When equations (1) and (2) are solved for six different levels of Y*, from $500 to $3,000, with increments of 500, both the static and the dynamic models’ error variances indicated that the optimal model is for a Y* value around $2,000. It should also be noted that the error variance across these models is quite small, particularly for values of Y* of $1,500 and above. Due to space limitations only the estimation results of Y* = 2000 is reported in this table.

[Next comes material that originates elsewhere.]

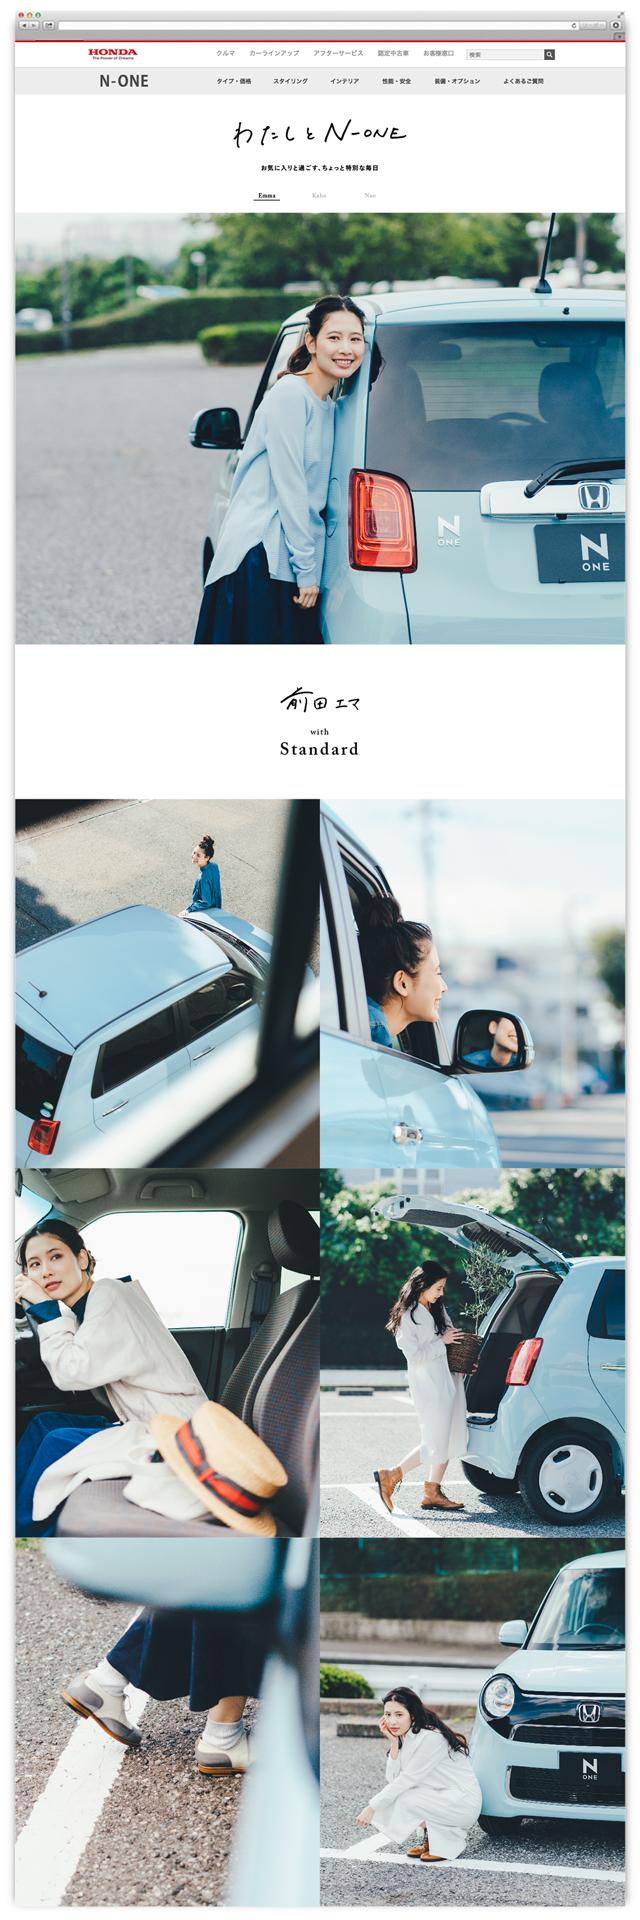 Honda_NONE_003

However, one should note the caveats of using averaged data rather than annual data. First, the start date and duration of business cycles across countries may not overlap with the start dates of the 9-year averages. Second, 9-year averaging excludes many countries that have few time series data and eliminates variations in the dataset which would decrease the efficiency of the econometric estimates.
In the estimations, fiscal balance is lagged in order to breakdown the impact of growth on the cyclical component of the fiscal balance. Nevertheless, there may be some persistence over time. However, on should note that the coefficient on fiscal balance can be asymmetric, i.e. fiscal austerity improves growth but fiscal deficits may not be as detrimental, especially if they are financed by aid.
As shown in Appendix, Correlation across Variables of Interest, institutional indicators are highly and significantly correlated with income at the annual data frequency. In order to reduce the multicollinearity issues, 9-year averages are used for these estimations.
Reduced form of model (5) is obtained through the specification that minimizes the error variance of the regression.